2.21 s ± 9.06 ms per loop (mean ± std. dev. of 7 runs, 1 loop each)

%memit d1.merge(d2, on = 'x').query('start <= pos1 <= end')

peak memory: 5868.17 MiB, increment: 4803.89 MiB

%memit d1.conditional_join(d2, ('start', 'pos1', '<='), ('end', 'pos1', '>='), ('x', 'x', '=='), use_numba=False)

peak memory: 4137.93 MiB, increment: 3073.66 MiB

conditional_join is faster; this might not be the case all the time.

Depending on the distribution of data, using numba where an equi-join is present can give significant performance speedups:

from itertools import count
mapper = dict(zip(ascii_lowercase, count()))
d1['xx'] = d1.x.map(mapper)
d2['xx'] = d2.x.map(mapper)

d1.head()

	x	start	end	xx
0	d	37	82	3
1	c	2	12	2
2	b	46	72	1
3	b	7	9	1
4	c	39	75	2

d2.head()

	x	pos1	xx
0	c	143	2
1	i	85	8
2	k	121	10
3	m	68	12
4	o	97	14

%%timeit
(d1
.merge(d2, on = 'xx')
.query('start <= pos1 <= end')
)

4.72 s ± 22 ms per loop (mean ± std. dev. of 7 runs, 1 loop each)

%%timeit
(d1
.conditional_join(
    d2, 
    ('start', 'pos1', '<='), 
    ('end', 'pos1', '>='), 
    ('xx', 'xx', '=='), 
    use_numba=False)
)

2.25 s ± 8.14 ms per loop (mean ± std. dev. of 7 runs, 1 loop each)

%%timeit
(d1
.conditional_join(
    d2, 
    ('start', 'pos1', '<='), 
    ('end', 'pos1', '>='), 
    ('xx', 'xx', '=='), 
    use_numba=True)
)

281 ms ± 5.05 ms per loop (mean ± std. dev. of 7 runs, 1 loop each)

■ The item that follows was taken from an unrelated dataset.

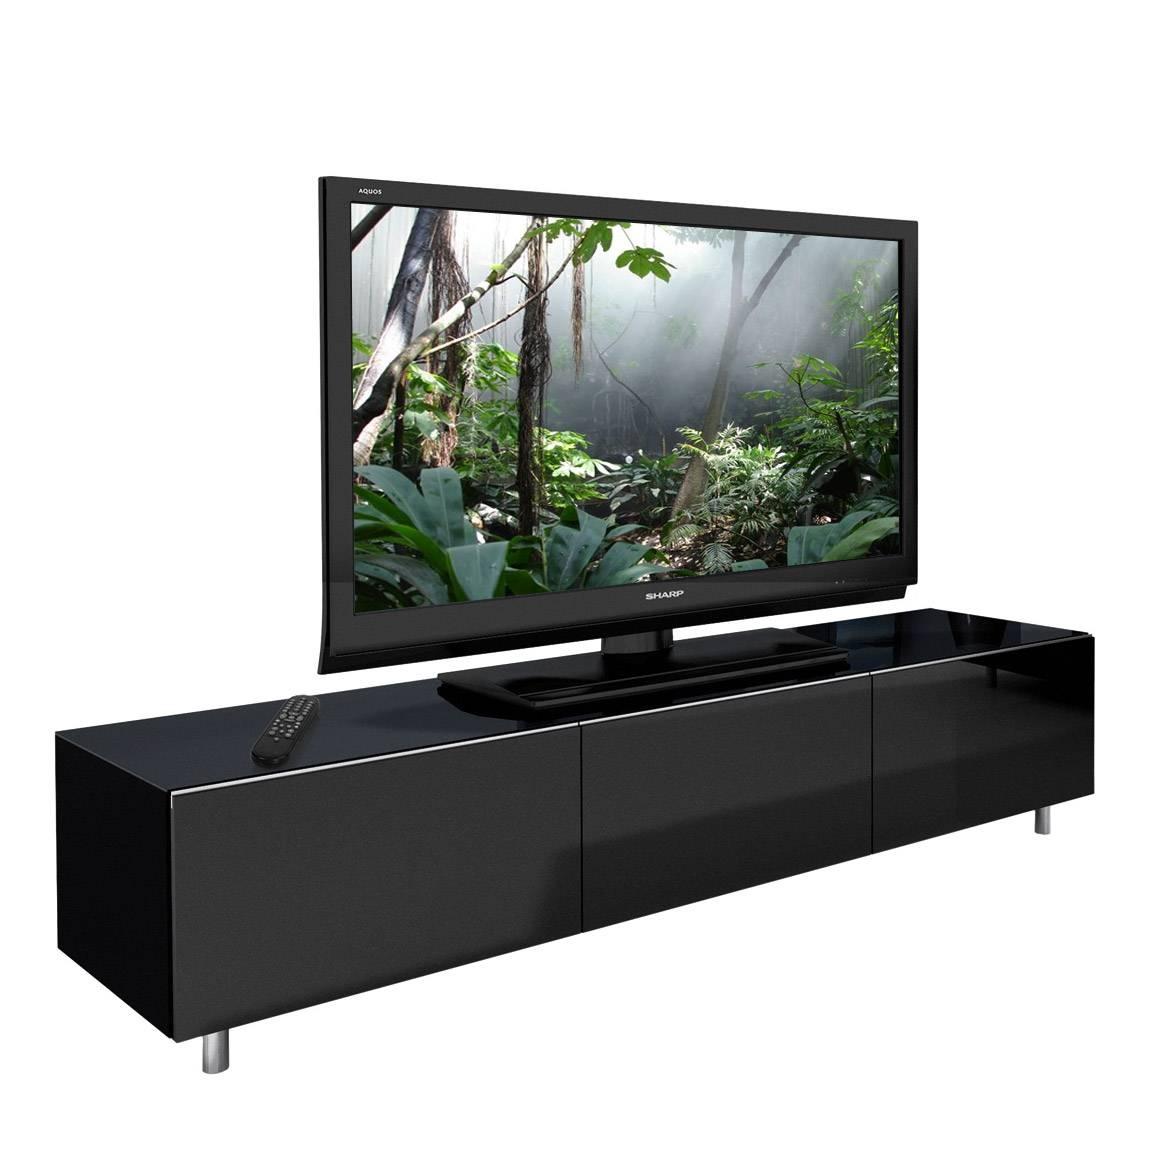 Spectral Just-Racks Jrl1650S Gloss Black Tv Cabinet - Just-Racks intended for Black Gloss Tv Cabinet (Image 13 of 15)

The above numba implementation depends on a number of conditions:

Only a single equi join is supported
The columns in the equi join should be either numeric or datetime data types
The columns in the equi join are duplicated with large ranges, but small unique values

Summary#

This blog post shows how to efficiently join on non-equi conditions, using conditional_join. If you are comfortable with SQL, you could get more performance with DuckDB, which allows querying Pandas DataFrames efficiently with SQL, supports non-equi joins as well, and has a performant implementation for range joins.